As I closed the rear covers on both, I was left with the inescapable conclusion that anyone inspecting the two would pick out the older one immediately. The dated style of artwork and clothing, to say nothing of the yellowing pages, jumped out at me. Still, the focus of the articles were remarkably similar. If the main ideas on the front covers were mixed, I doubt anyone could determine with certainty which were from the old issue and which from the newer one.

1 - Come On In: Bring Home the Holiday Spirit
2 - Fun making decorations
3 - 168 Ways to Celebrate the Season
4 - Gifts that live on and on
5 - Love this felt wreath and learn how to make it
6 - 65 recipes to tempt your guests.

So the editors over the years have been effective in choosing a focus and staying with it. That theme might be summarized as celebrations, comfort, convenience and cookies - a theme that seems as appropriate today as it was 60 years ago.

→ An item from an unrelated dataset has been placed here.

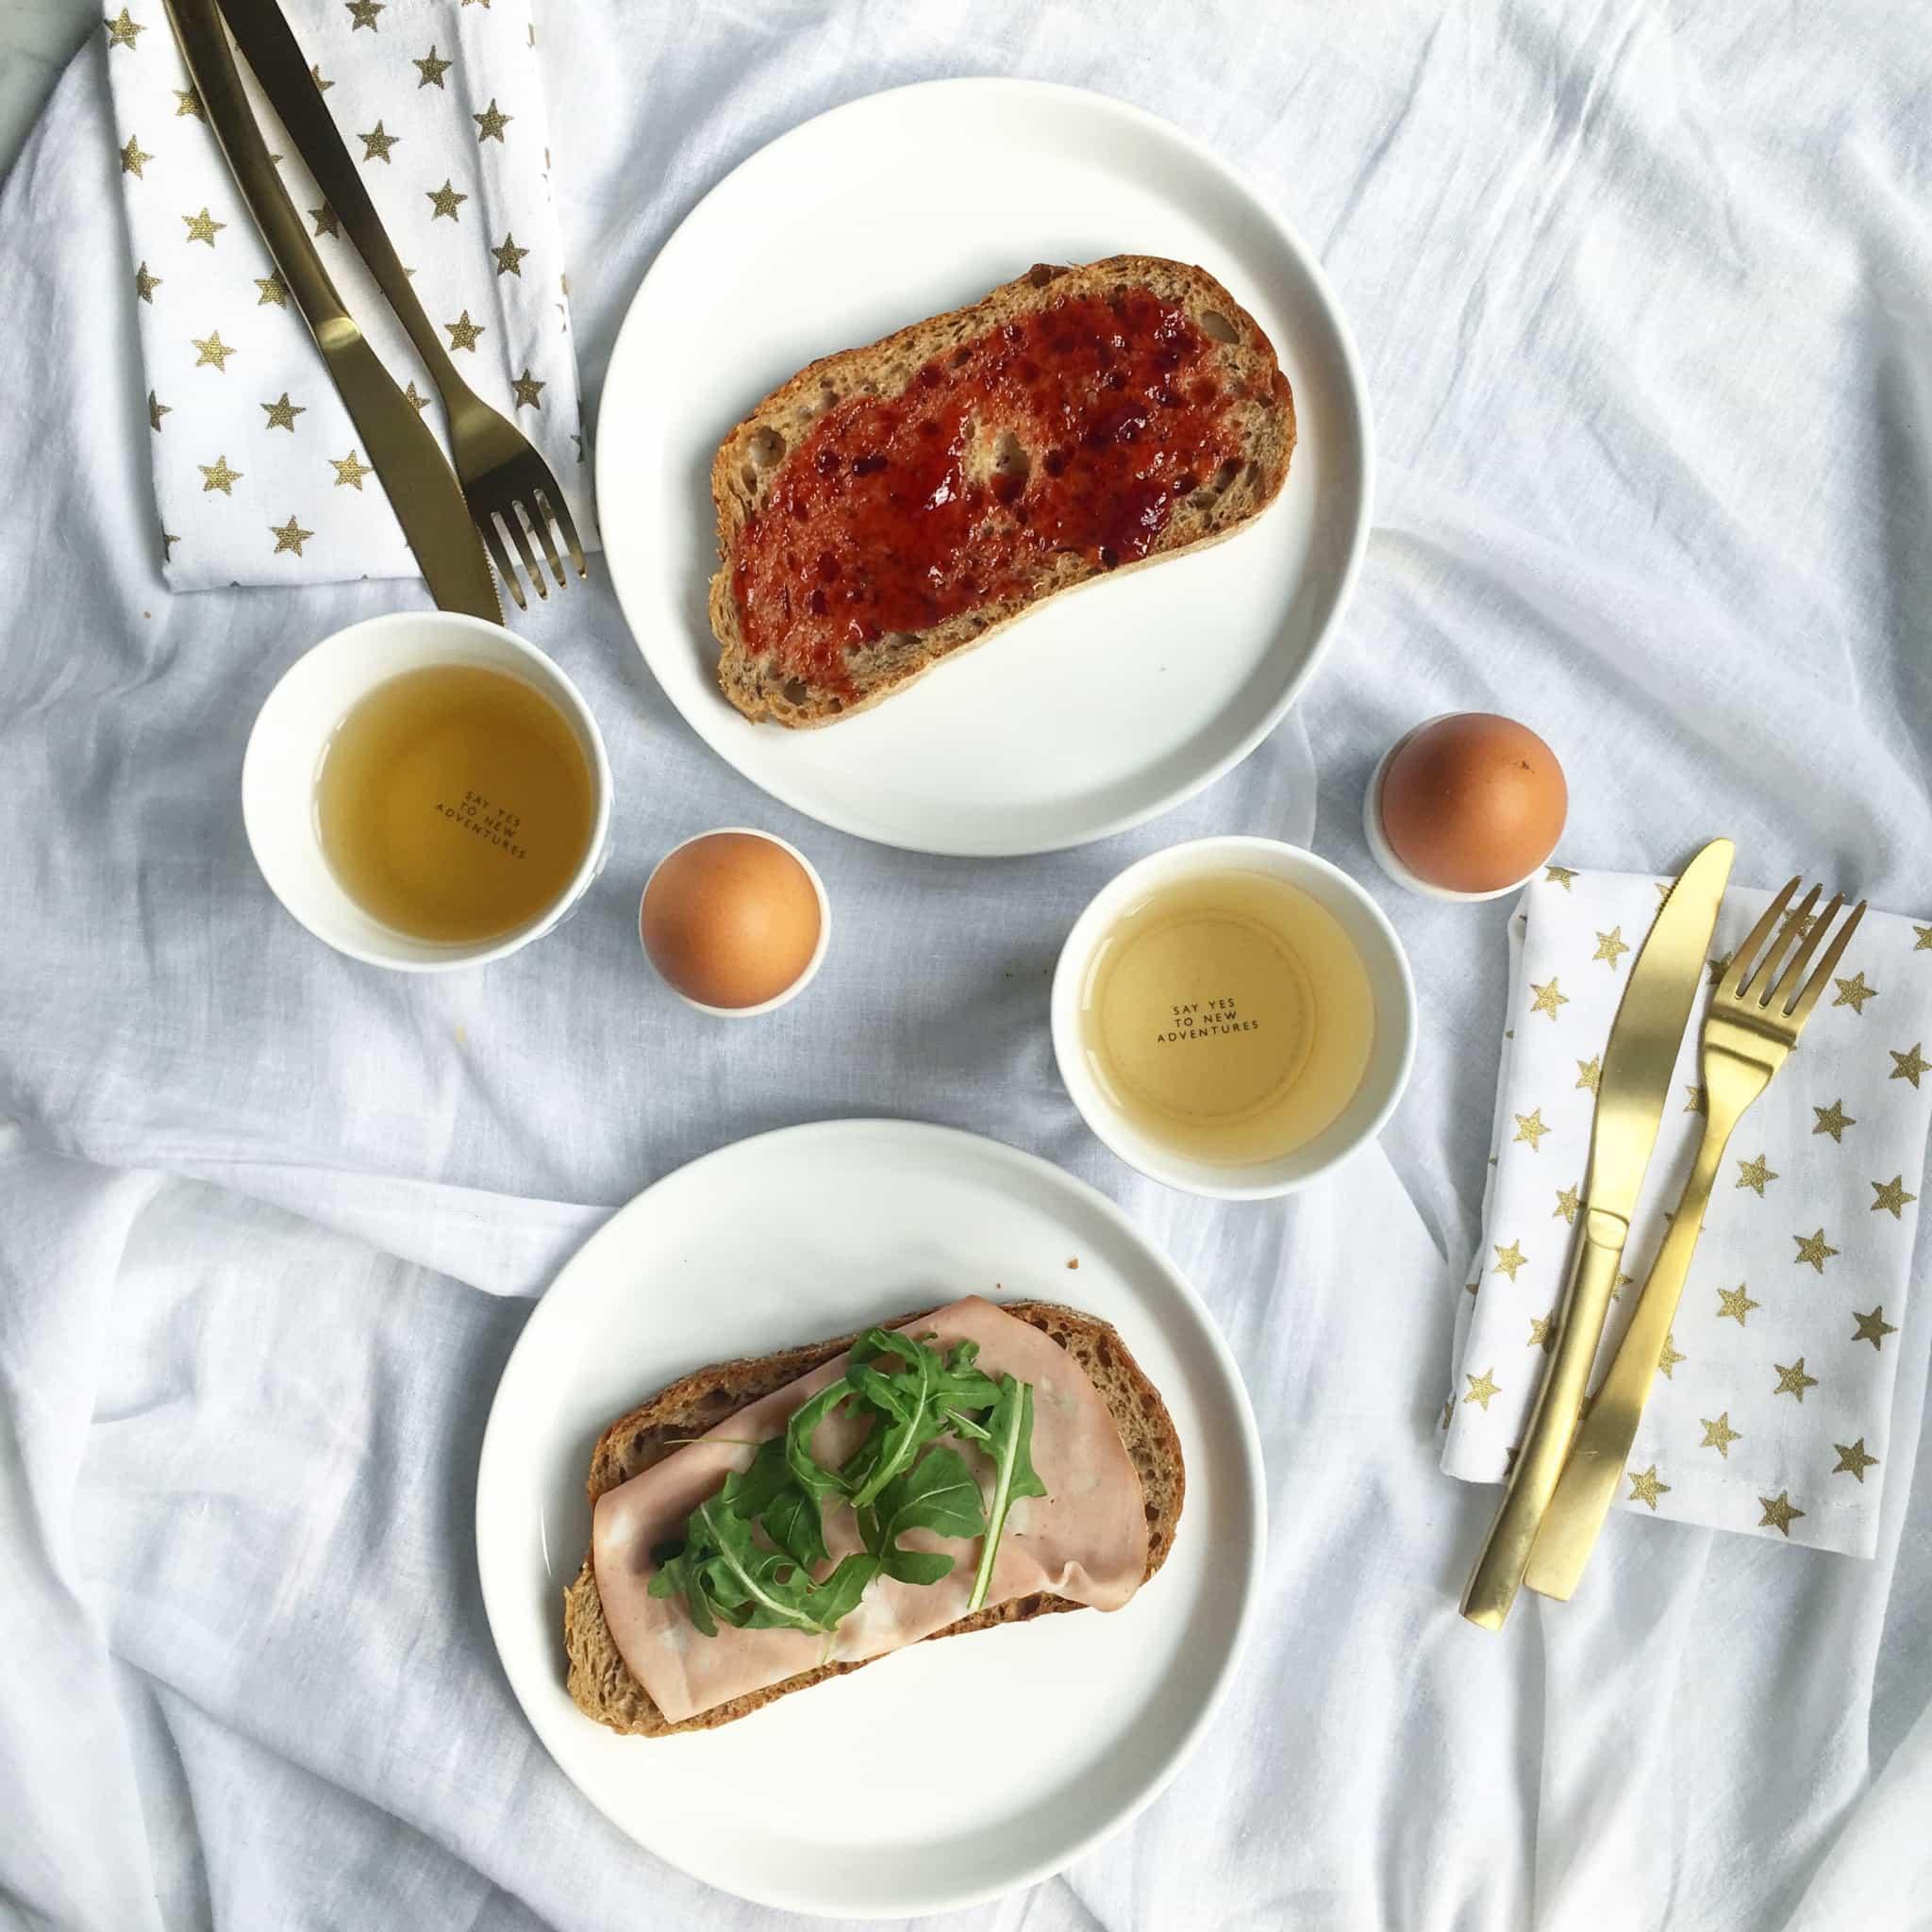 image22 - The BF is back, tijd voor een uitgebreid ontbijtje + tips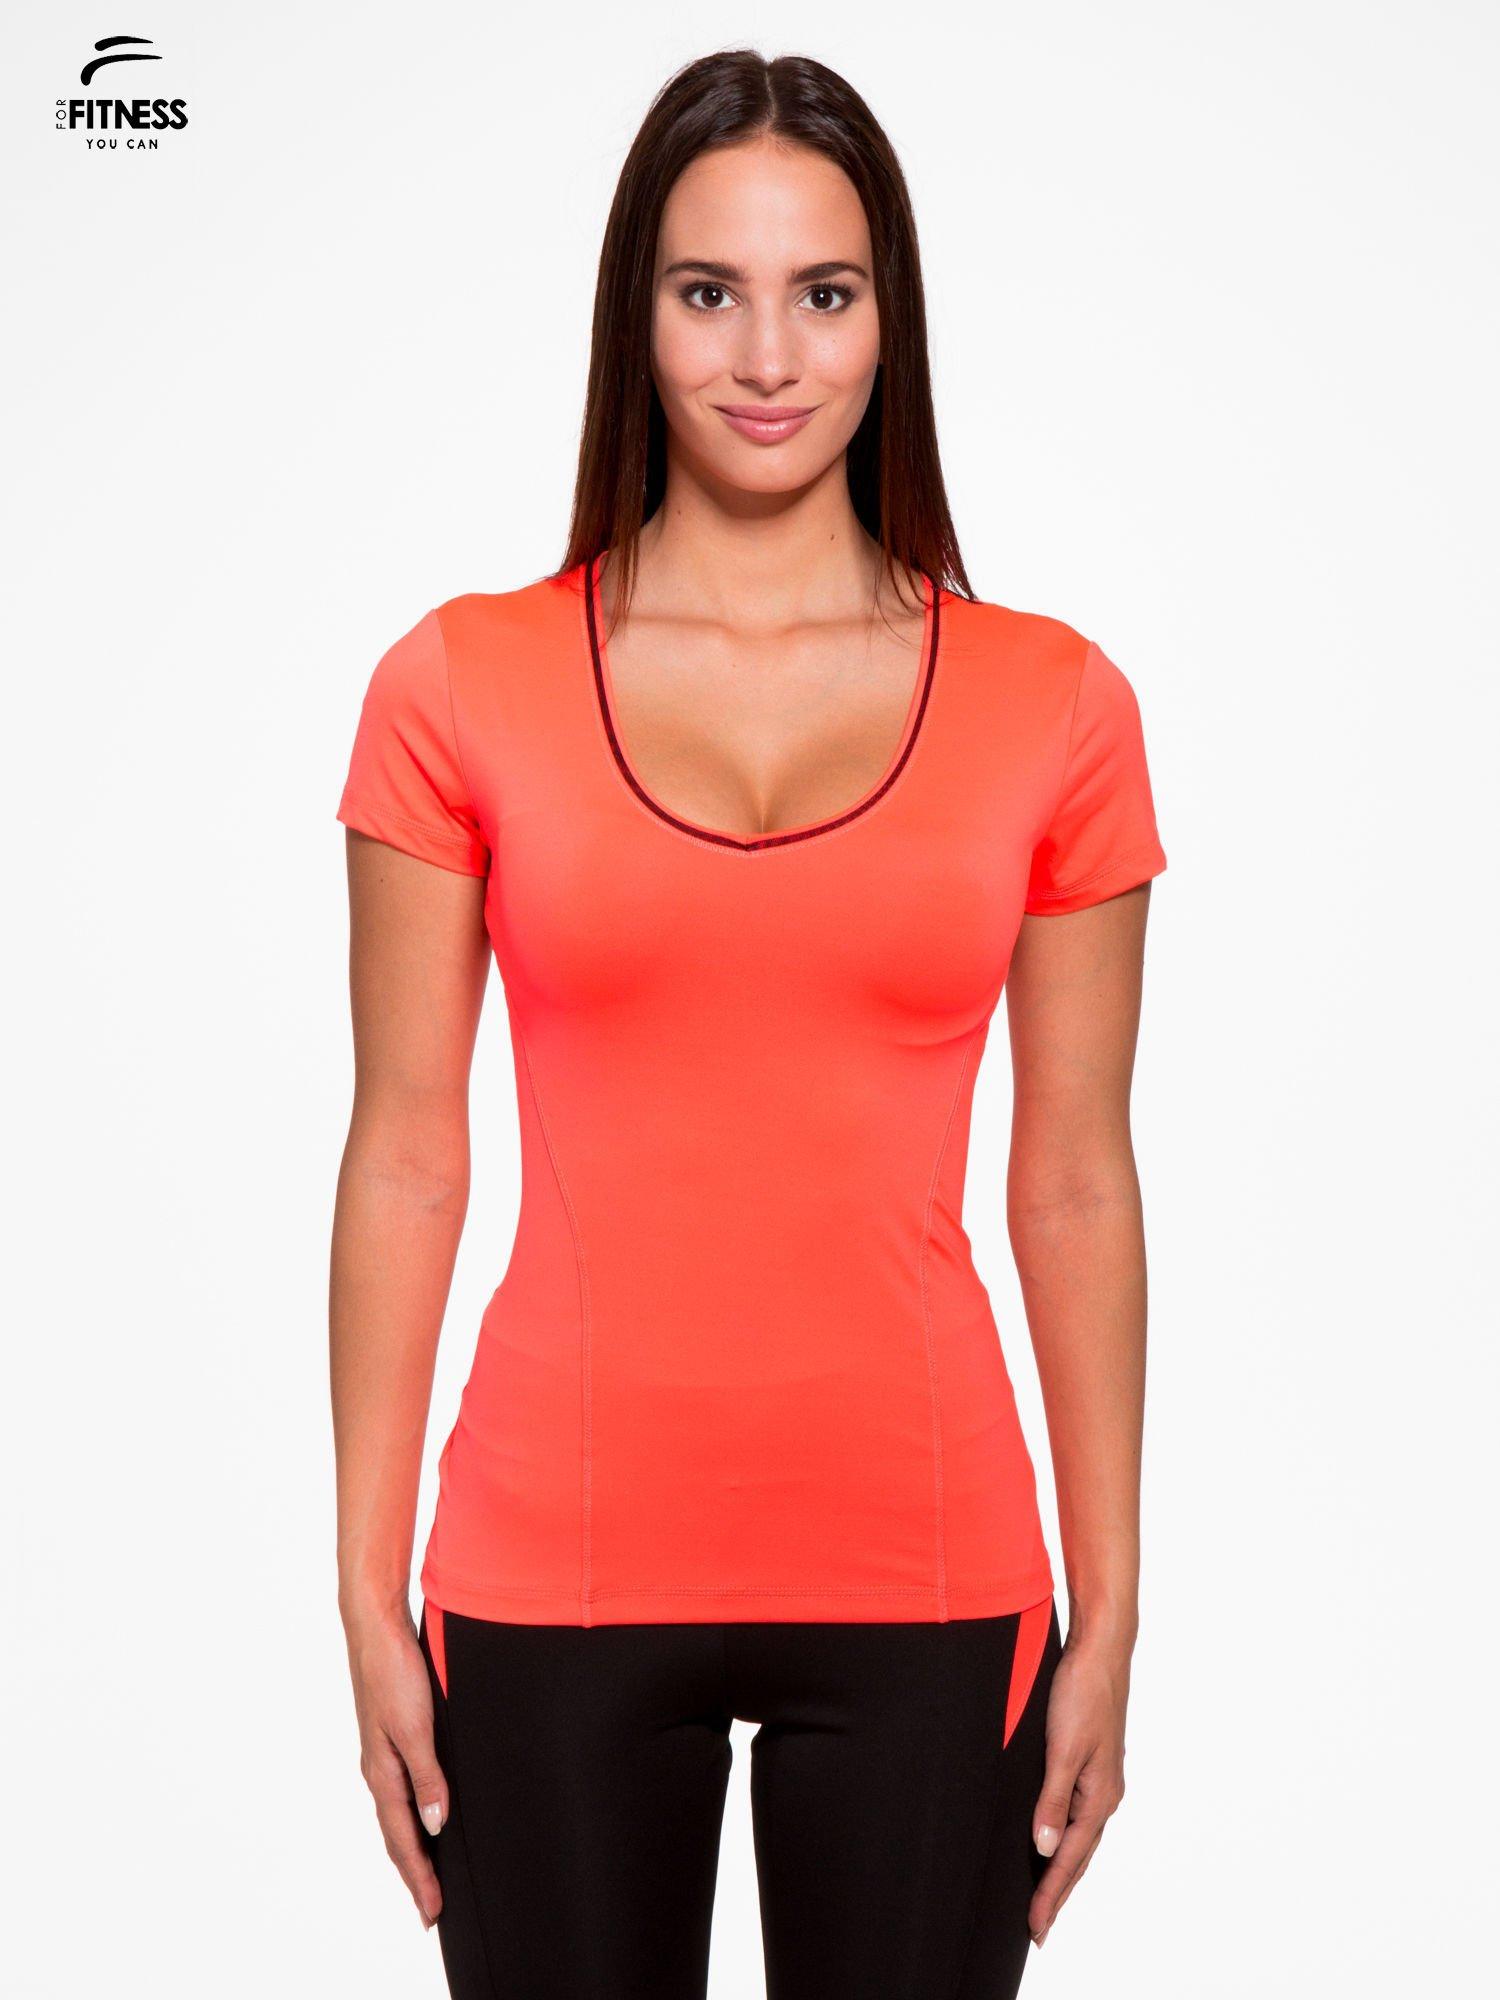 Fluoróżowy termoaktywny t-shirt sportowy z siateczką przy dekolcie i z tyłu ♦ Performance RUN                                  zdj.                                  1

Oh, and in the list, the even-numbered items are from the older edition’s cover.

Top: 1956 (left) and 2016 covers of the December issues of "Better Homes and Gardens" magazine; bottom-left: Ad for Phillips Milk of Magnesia; bottom-right: the last page of the 2016 edition included the front covers of some older issues of the magazine. The middle image in the lower row is of the 1956 version.